ACTION ITEM.
Retype the records below exactly as they appear, but leave out any pictures.

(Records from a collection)
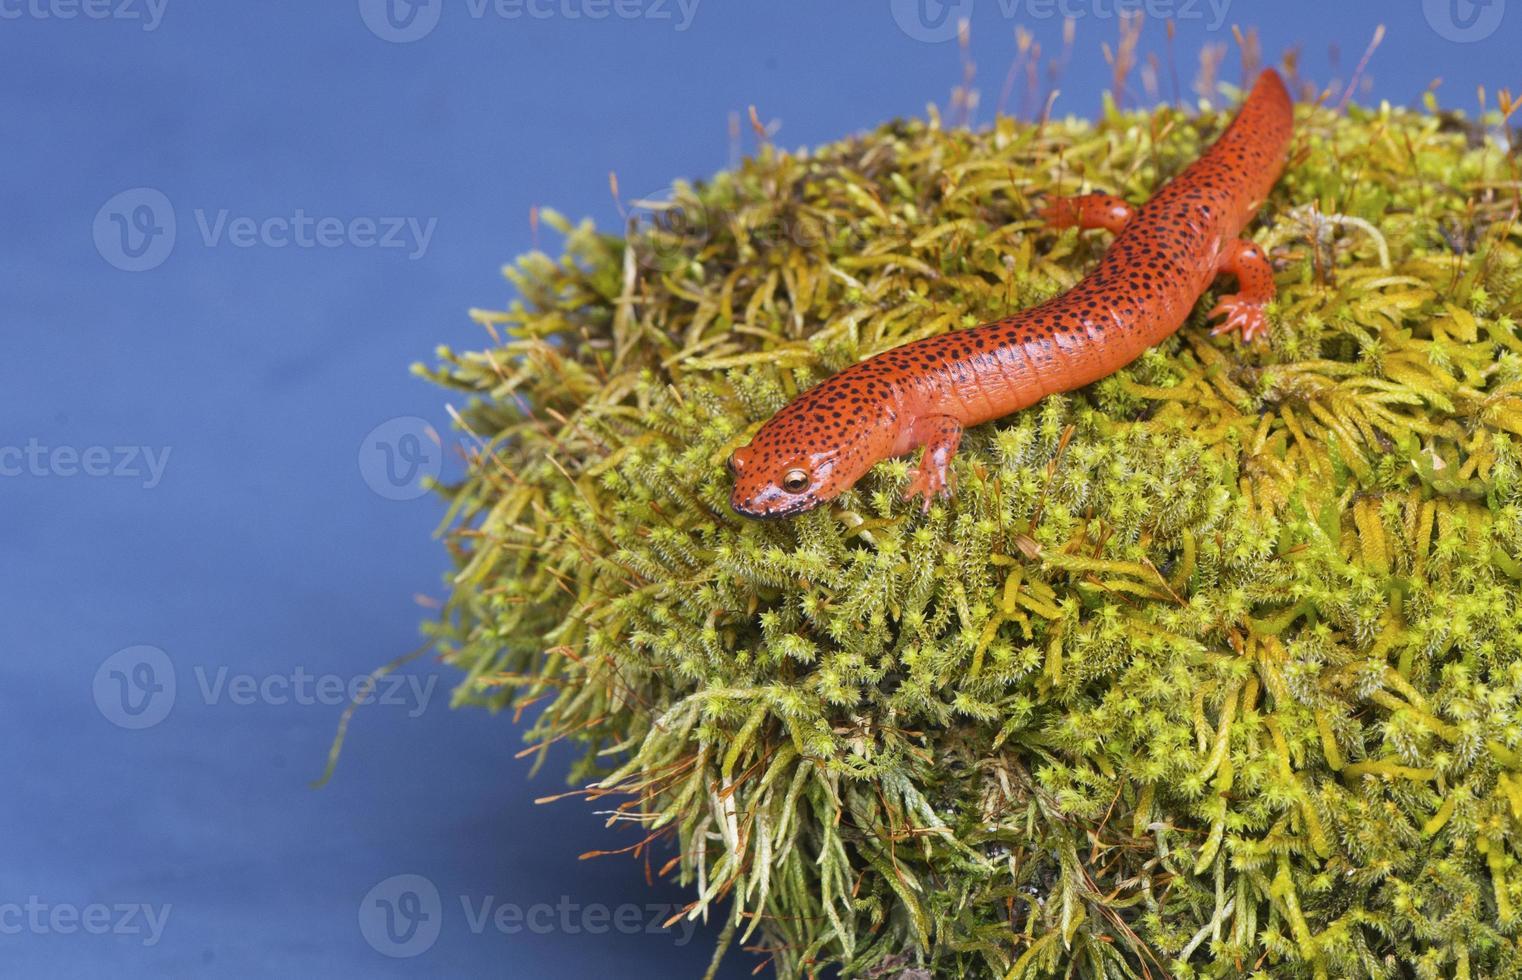 salamandra dalle labbra nere che si siede su una roccia coperta di muschio. foto
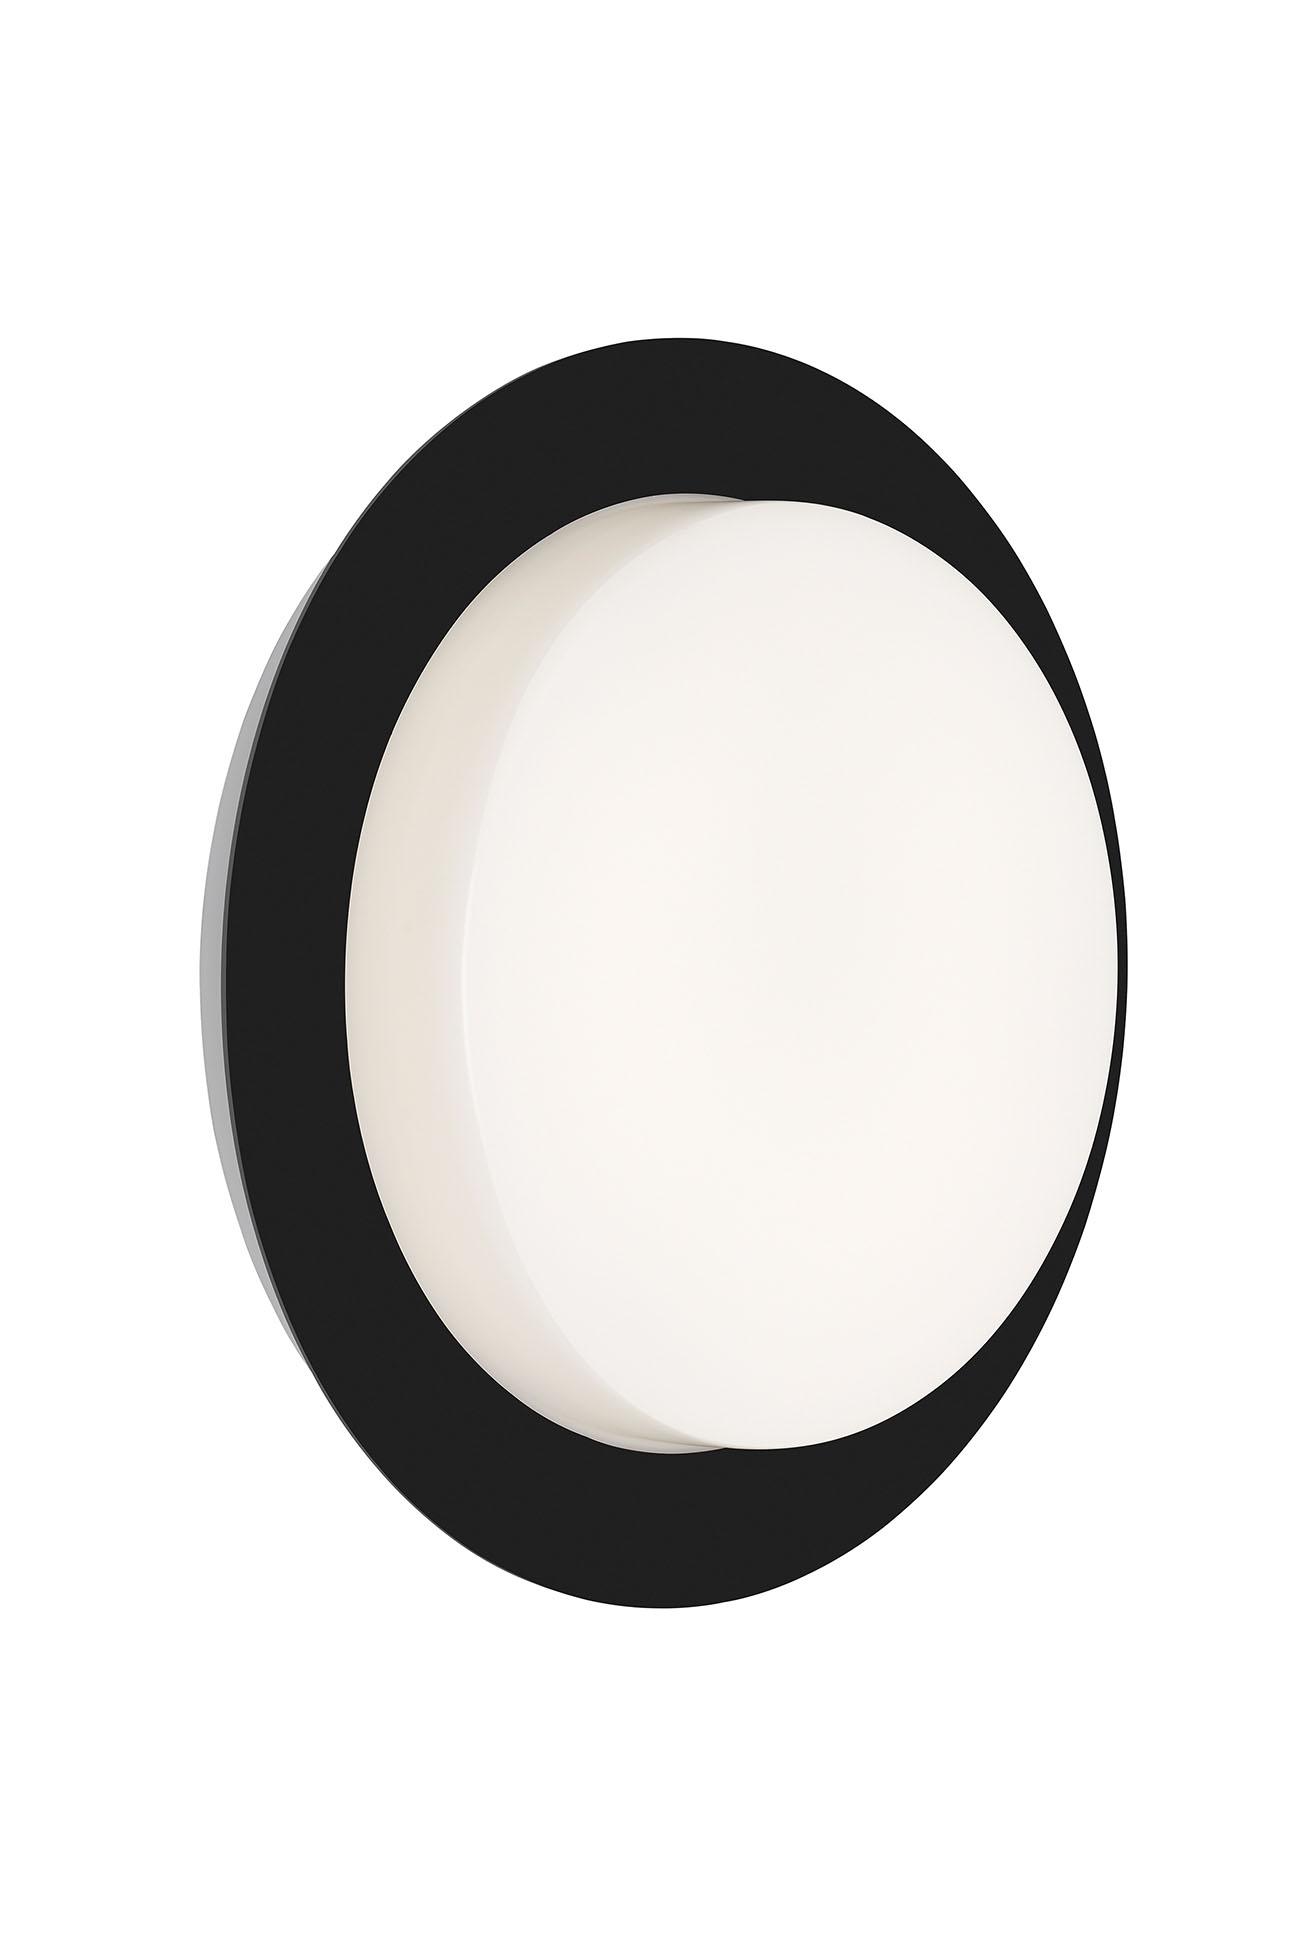 LED Außenleuchte, Ø 18 cm, 9 W, Schwarz
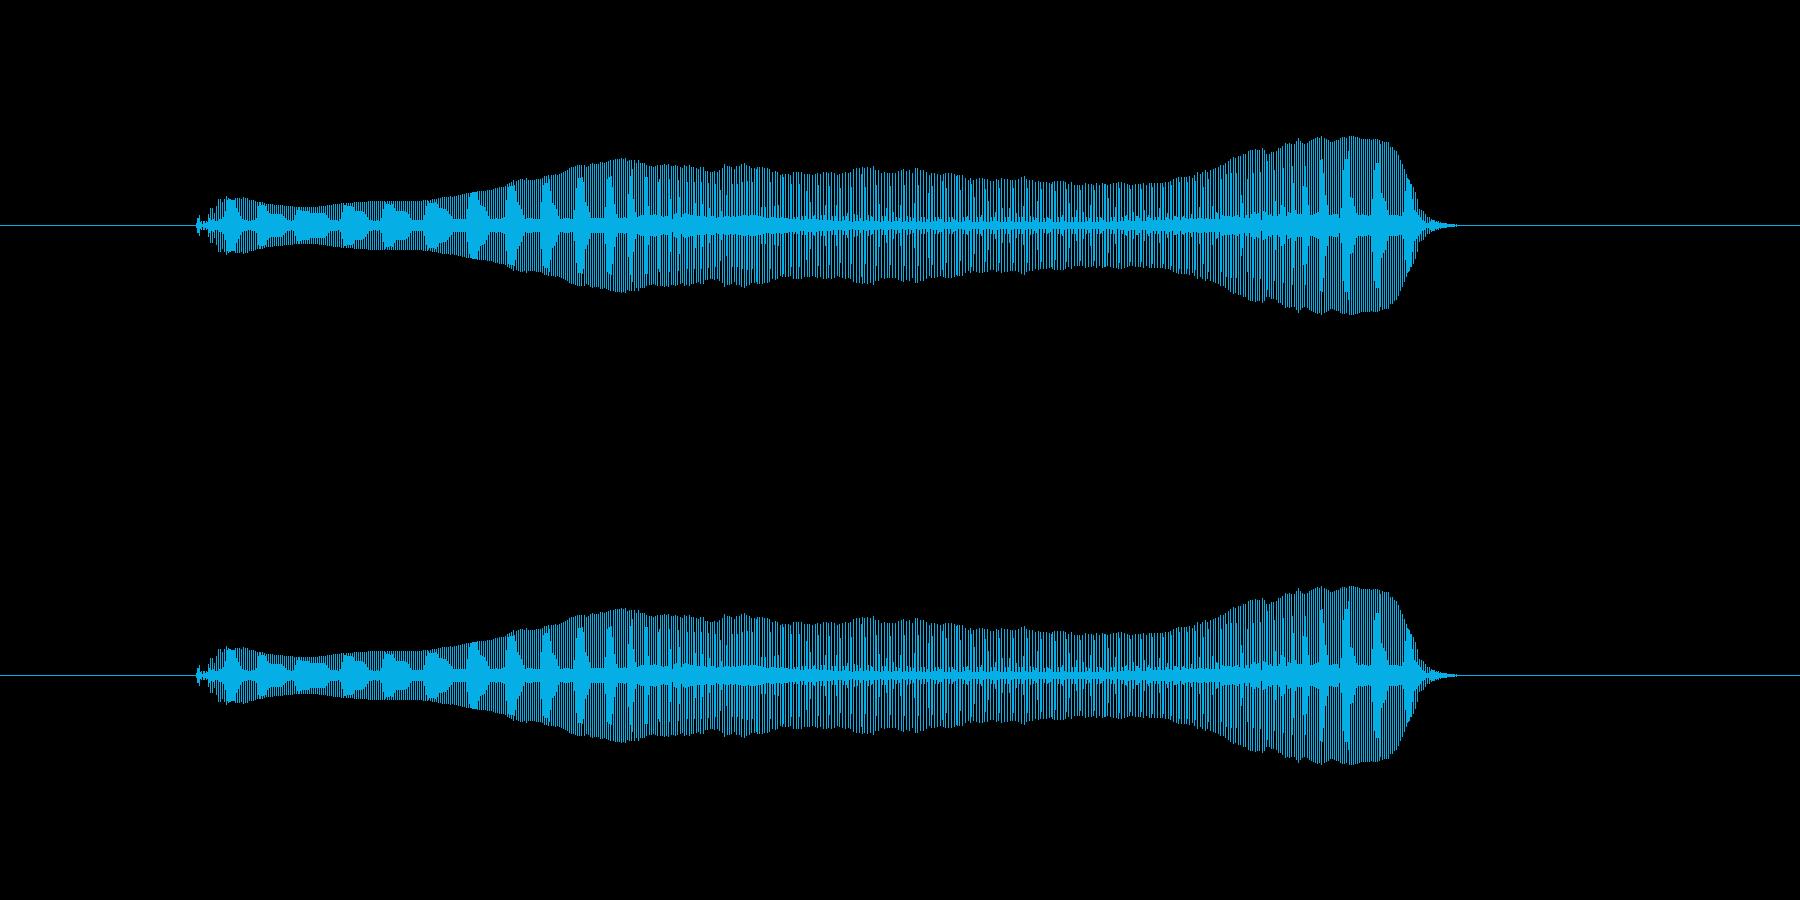 トロンボーンあるあるフレーズBPM100の再生済みの波形
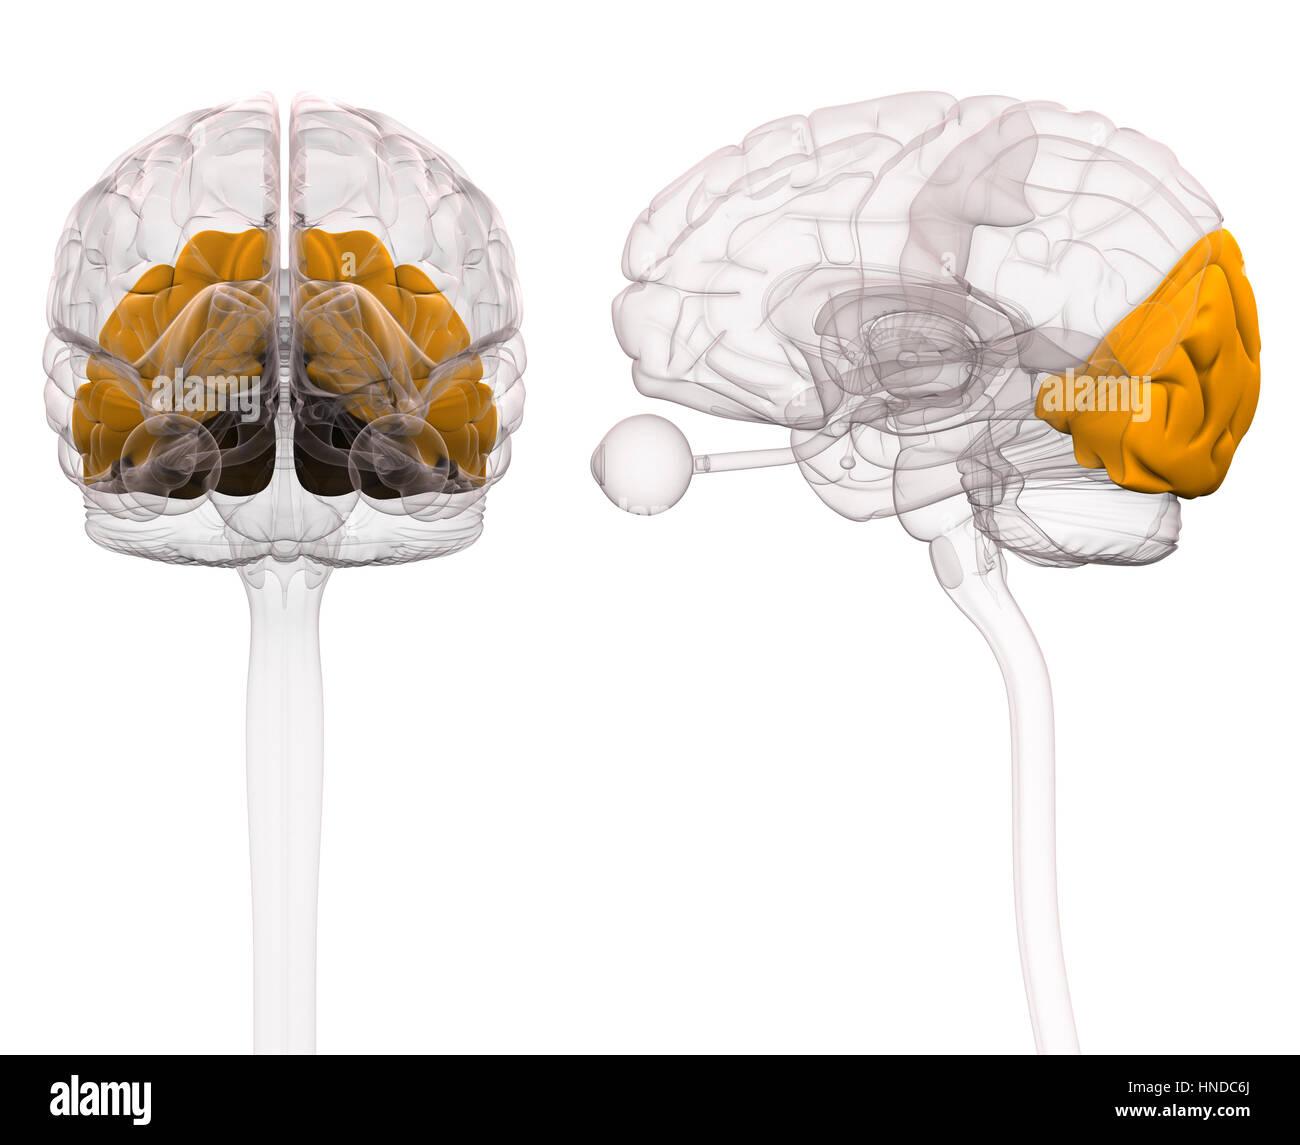 Amygdala Brain Stockfotos & Amygdala Brain Bilder - Alamy
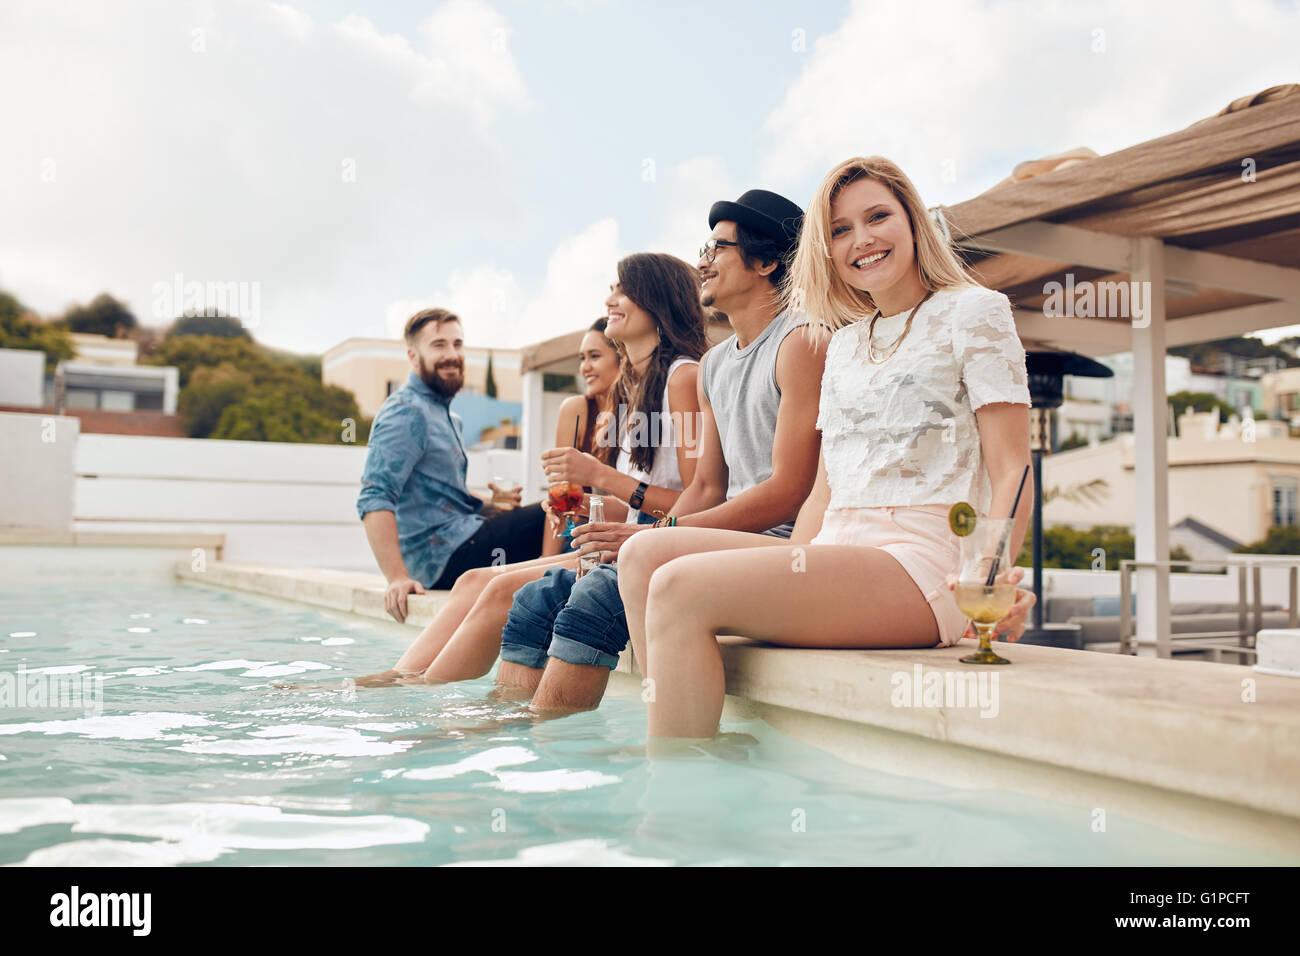 Ritratto di felice giovane donna seduti a bordo piscina con i suoi amici di festa. Giovani relax presso la piscina Immagini Stock

RESPONSE.
 salamandra dalle labbra nere che si siede su una roccia coperta di muschio. foto
 LED Außenleuchte, Ø 18 cm, 9 W, Schwarz
 トロンボーンあるあるフレーズBPM100の再生済みの波形
 Amygdala Brain Stockfotos & Amygdala Brain Bilder - Alamy
 Ritratto di felice giovane donna seduti a bordo piscina con i suoi amici di festa. Giovani relax presso la piscina Immagini Stock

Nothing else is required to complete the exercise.